Canny
new car buyers are turning savings from scrappage into profits when they
resell.
Healthy
demand for certain second-hand cars, coupled with low levels of availability in
the used car market, means that many consumers benefitting from the Government's
vehicle scrappage scheme currently have the option of selling their new car for
a tidy profit.
Glass's,
publisher of motor dealer ‘bible' Glass's Guide, says that for in-demand
superminis such as the new Ford Fiesta, Fiat 500 and Citroen C1, a profit of up
to £1,100 could be available if the consumer had received the full scrappage
trade-in discount and then sold their new car privately after taking delivery.
"The potential profit is greatest for those
cars where the nearly-new value is currently high in relation to the list
prices; notably small, affordable cars with low running costs," explains Adrian
Rushmore, Managing Editor at Glass's.
"Extended
new-car delivery times are supporting these windfall profits, because
prospective buyers not eligible for the scheme are more likely to gravitate
towards second-hand examples - indirectly boosting residual values - rather
than suffering the wait for a new model.
"We expect that some franchised dealers will
be pleased to secure unused examples of these popular, newly-registered cars,
despite the inflated prices, because their demonstrator stocks have been
depleted over recent months. It is likely they would find a buyer quickly
and still clear an acceptable profit."
Rushmore
points out that the scrappage scheme brings significant benefits for all
consumers who subscribe to the scheme, including the vast majority who are
expected to retain, rather than sell, their new car. "Customers that
choose to keep their purchases can be reassured by the fact that they will have
minimised the effects of depreciation during their period of ownership.
It is well within the realms of possibility that these customers will
experience zero depreciation over the first 18 months," he adds.
"The highly
publicised scrappage scheme is having a ‘halo effect' that benefits much of the
used car market," says Rushmore. "The vast majority of car buyers
entering the market will continue to be trading up from a car that is under 10
years old, and therefore not eligible for the £2,000 scrappage bonus.
This means that used car prices will be unaffected," concludes Rushmore.
"Our only
negative observation concerns the availability of many small cars.
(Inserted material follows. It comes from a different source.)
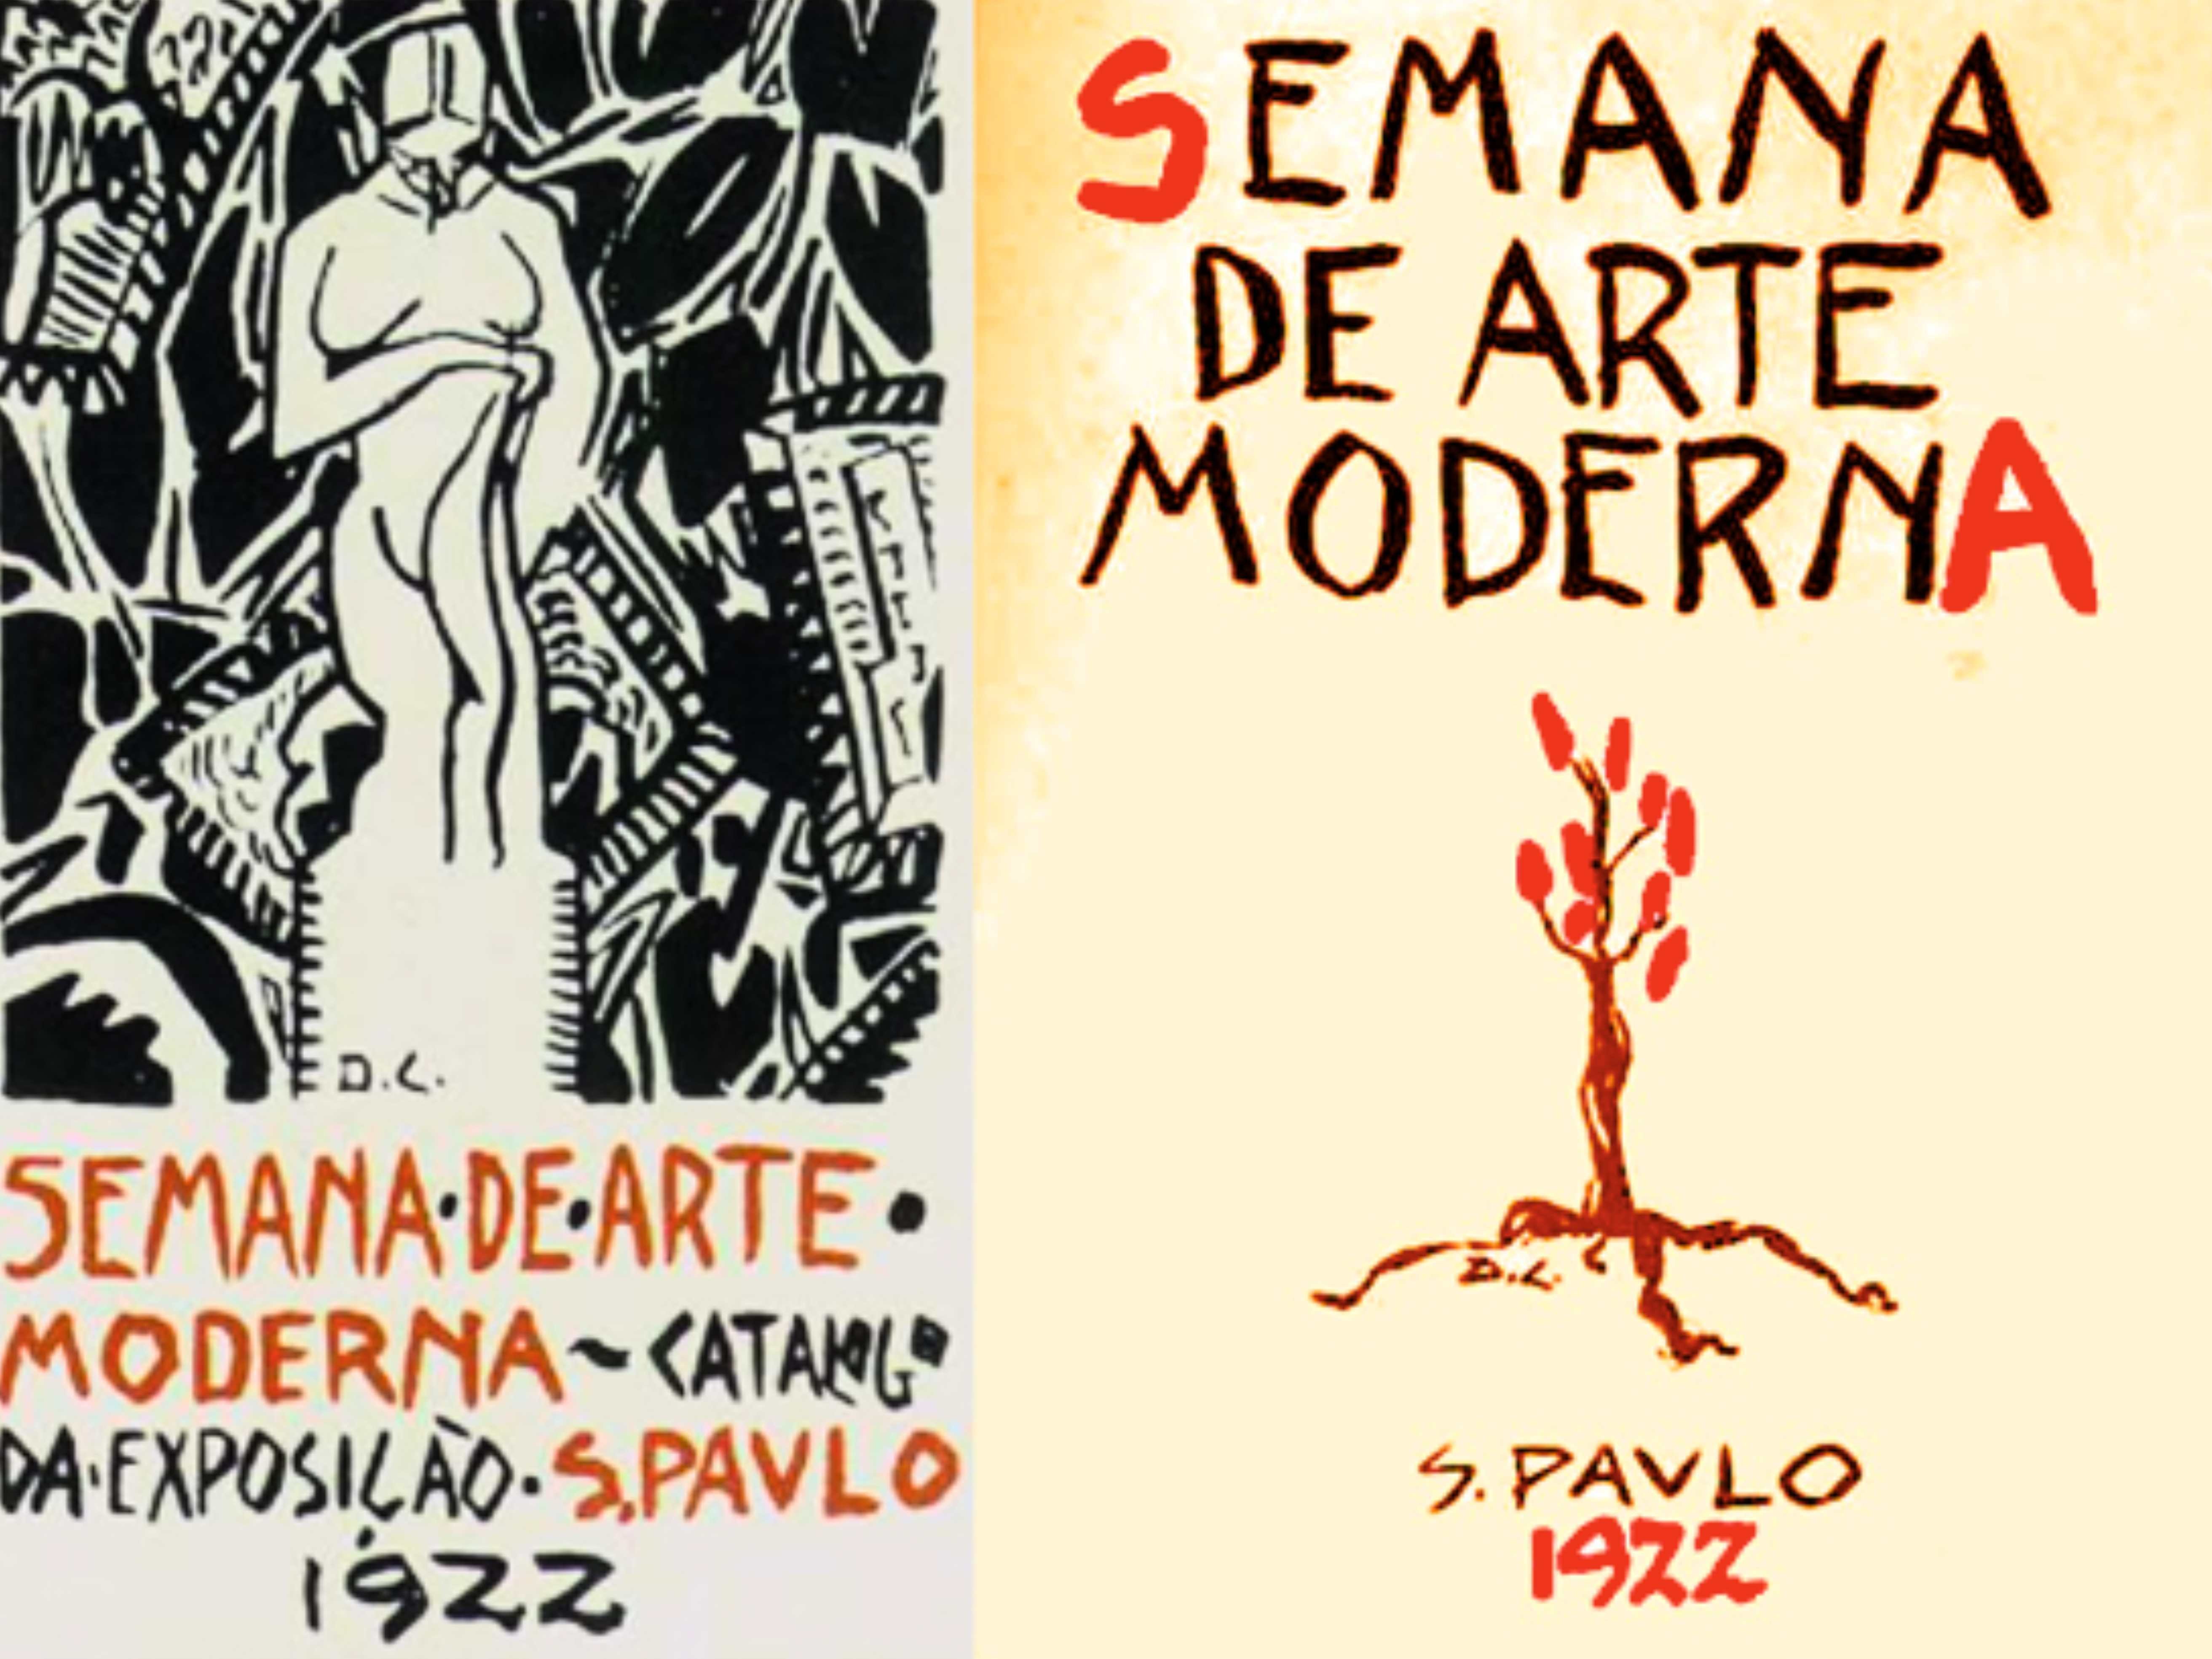 Capa do catálogo da Semana de 22 e cartaz do evento, ambos criados por Di Cavalcanti.

Some
were in short supply before the scheme was announced, and it is possible that
certain models simply won't be available within the scheme's stipulated 16-week
timeframe for delivery.
"This
situation will be aggravated if manufacturers limit supply to the UK because of
the low value of sterling against the euro, recognising that it may be more
profitable for them to support scrappage schemes elsewhere in Europe."